Carol Pankros and her firm, CCP Inc. of Palatine, Ill., are industry veterans. "When I started thinking about my succession plan," says Pankros, 57, "I started with, 'What would my clients like?' They'd like as little disruption as possible, someone running the firm with the same philosophy as me, and to be able to trust and have confidence in my successor." She decided the clients' first choice would be to work with family, namely her daughter, Carin Pankros Roman, 29.

"There was never the assumption in the beginning that I'd work for CCP," says Roman, who graduated from Notre Dame with degrees in economics and French and worked with William M. Mercer Investment Consulting Inc. in investment consulting before going to work for her mom in early 2001. When she did make the move, though, she considered it a career move, not just her next job.

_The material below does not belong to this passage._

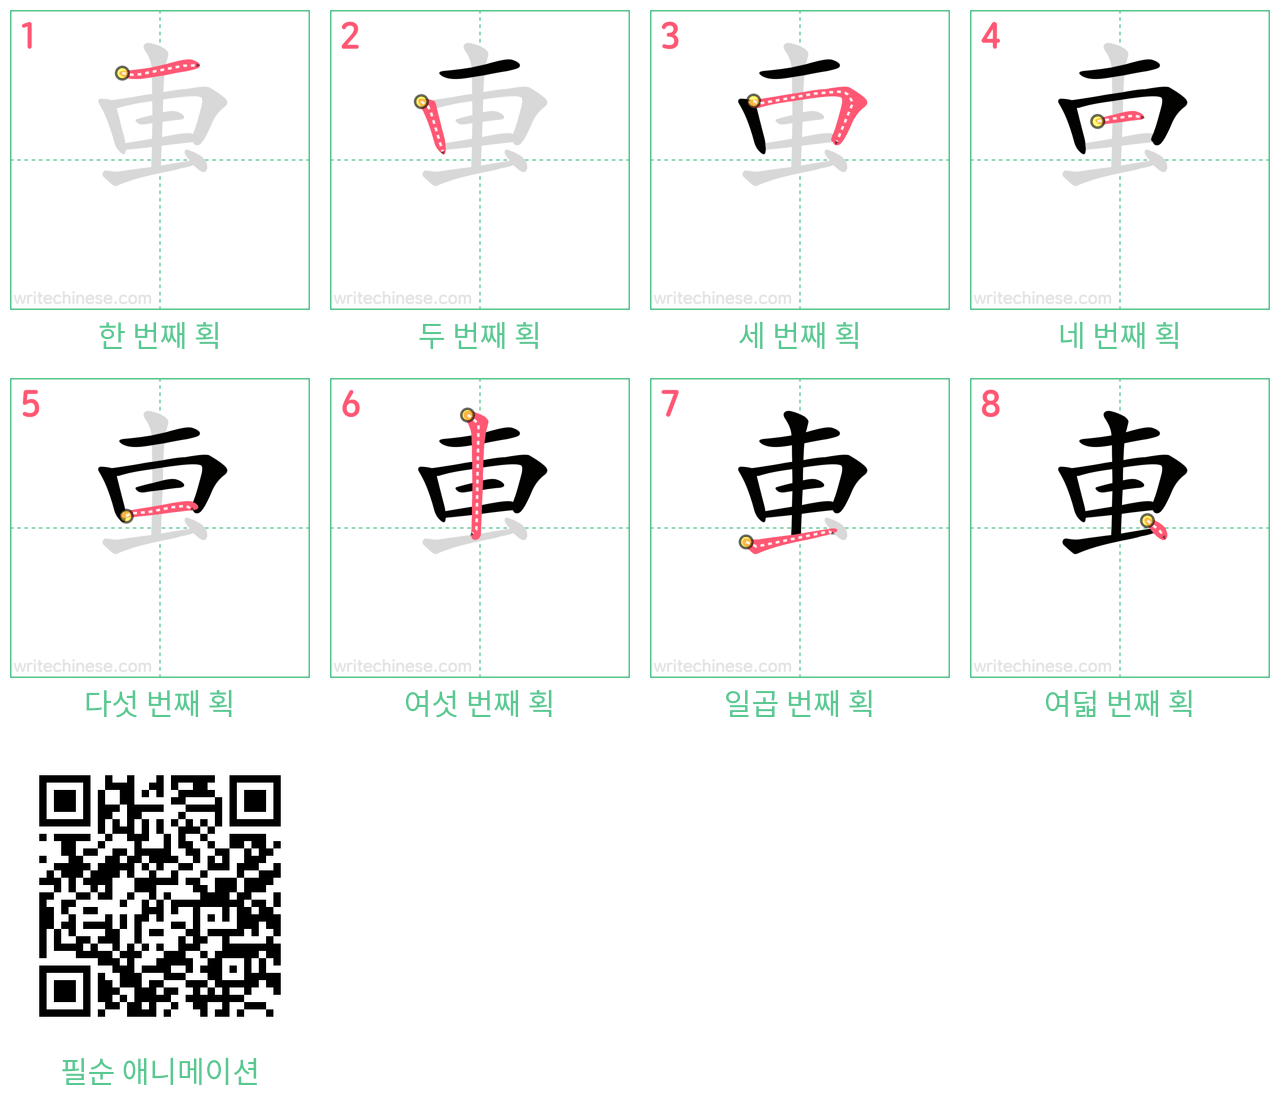 叀 step-by-step stroke order diagrams

"I came in to perform a technology role," says Roman. "I focused on CCP's infrastructure and the need to revise its proprietary Lotus Notes-based client management system." Somewhere along the way, Roman got her CFP and is now responsible for client relationships. She's presently one of nine employees, including four CFPs.
However, she's the only employee, other than Pankros, with management responsibility. And mom and daughter are working on a succession plan, now that Roman has proven herself a worthy successor. In anticipation of that plan, Pankros has reduced her time at the firm as Roman takes on even more of the management. "We're still brainstorming the nuts and bolts of the ultimate transition, but we've had valuations done and discussed things with our attorney." Pankros and Roman expect to have something on paper in 12 months-probably a buyout taking place over five years.

The Multiple-Child Sale

Russell Hawkes, 71, entered the financial services industry so long ago that "financial planning" didn't yet exist. And when son Peyton, 42, joined Russell Hawkes Associates Inc. of Binghamton, N.Y., in 1987 as a broker, he was following in his dad's footsteps. Since then, father and son have co-managed the firm's transition to fee-only planning. In 1992, daughter Rhonda Homes, 38, joined them as the firm's operations and client service manager.

Unlike Pankros' operation, the three Hawkes are their firm's only employees. "Clients enjoy the family aspect of what we do," says Russell. The problem, he admits, is that he sometimes can't bring himself to separate from the comfortable family ensemble he's created.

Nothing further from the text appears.